Gallery of Philologists
Origen
c185 - 254

Origen

Origen was born into a Christian family at Alexandria. Like many of the people mentioned in these pages, he was a youthful prodigy of learning. He first studied with his father Leonides, and later under Pantaenus and Clement at the Catechetical School of Alexandria. In 202, when he was seventeen, during the persecutions of Septimus Severus, he was kept from joining his father in martyrdom only by his mother, who hid his clothes so that he could not leave the house. Clement of Alexandria, the master of the School of Alexandria, had been driven out by the same persecution, and in 203 Origen was formally confirmed by Bishop Demetrius as his successor. He continued to pursue learning, even beyond Alexandria. To better understand pagan thought, he attended the NeoPlatonic lectures of Ammonius Saccas. He also visited Rome, where in obedience to the principle of Matthew 19:12, he supposedly underwent castration, ostensibly in order to be able to teach female converts without provoking scandal. One of those female students later became the mother of a future Emperor. Another persecution at Alexandria, that of Caracalla in 215, interrupted his teaching. He went to Palestine, but was presently recalled by Bishop Demetrius. His literary output, which first and last was enormous, had by this time established him as an authority in the Eastern Church..
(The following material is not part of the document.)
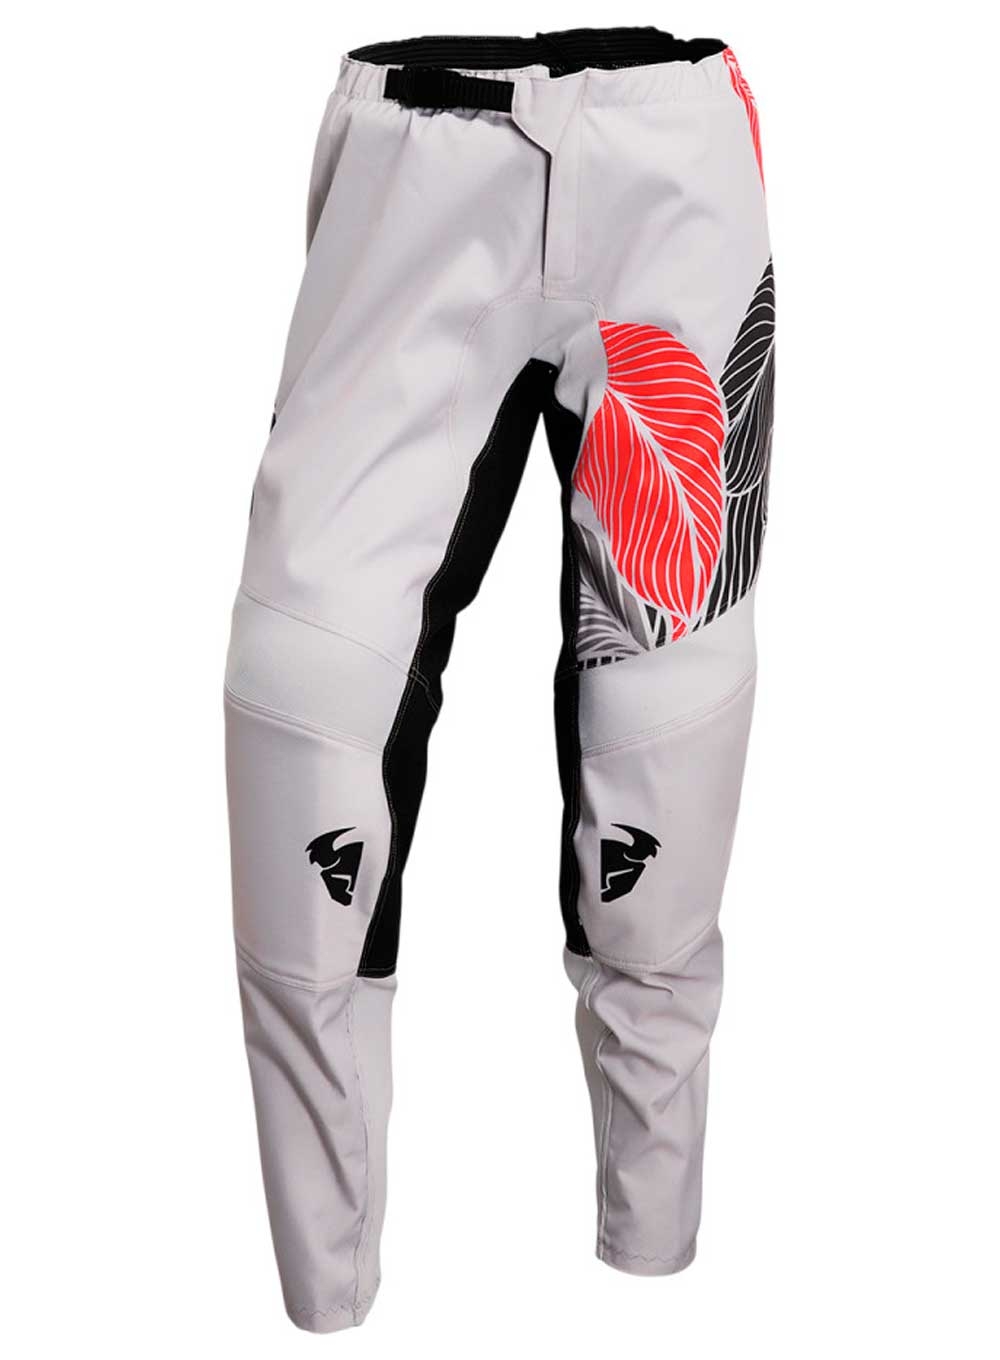 Buy online : Ortovox merino light short pants women - hot coral - Sportmania

Origen was concerned that the Greek Old Testament should rest on a secure foundation, and he had the basic good idea of lining up the current received Hebrew text (together with a transliteration into Greek letters) in columns beside four translations: three recent ones and the older Septuagint. His thought was to improve on the Septuagint translation by comparing it against the best available Hebrew text; unfortunately, he did not realize that the Septuagint version had been made from an earlier, and in many places better, Hebrew text; the Hebrew text then current had become corrupted at several points.

The same right instinct led him to the correct answer in the case of the authorship of the Epistle to the Hebrews. This had come to be ascribed to Paul, but there were doubts. Origan found the doubts persuasive:

That the character of the diction of the epistle entitled To the Hebrews has not the Apostle's rudeness in speech, who confessed himself rude in speech [2 Cor 11:6], that is, in style, but that the epistle is better Greek in the framing of its diction, will be admitted by everyone who is able to discern differences of style.

But he also found the sensibilities of the faithful persuasive, and retreated from the obvious conclusion:

But again, on the other hand, that the thoughts of the epistle are admirable, and not inferior to the acknowledged writings of the Apostle, to this also everyone will consent as true who has given attention to reading the Apostle . . .

This wavers at the last. For the philologist of conscience, there is no "on the other hand."

Origen wrote in Greek, though many of his works were translated into Latin. Most of them are lost, but a respectable number survive, in whole or in part, and some remain Christian classics in our time. They display an intensity both spiritual and intellectual. Among them are his Exhortation to Martyrdom (c235); his tract Contra Celsum, written to refute the heretic Celsus, whose treatise of c180 was considered a serious attack on Christianity; his treatises On First Principles (Peri Archon or De Principiis, written while still in Alexandria) and on the Passover and the Lord's Prayer (c231; the first Christian essay on prayer as such); and his homilies on several books of the Bible, including Genesis, Exodus, the Song of Solomon, Jeremiah, and Joshua; on the Gospels of Matthew and John; and on the Pauline epistles to the Romans and the Hebrews.

Readings

  • Ronald Heine (ed). The Commentaries of Origen and Jerome on St. Paul’s Letter to the Ephesians. Oxford 2003
  • Eusebius. Ecclesiastical History. Most of Book VI is devoted to Origen.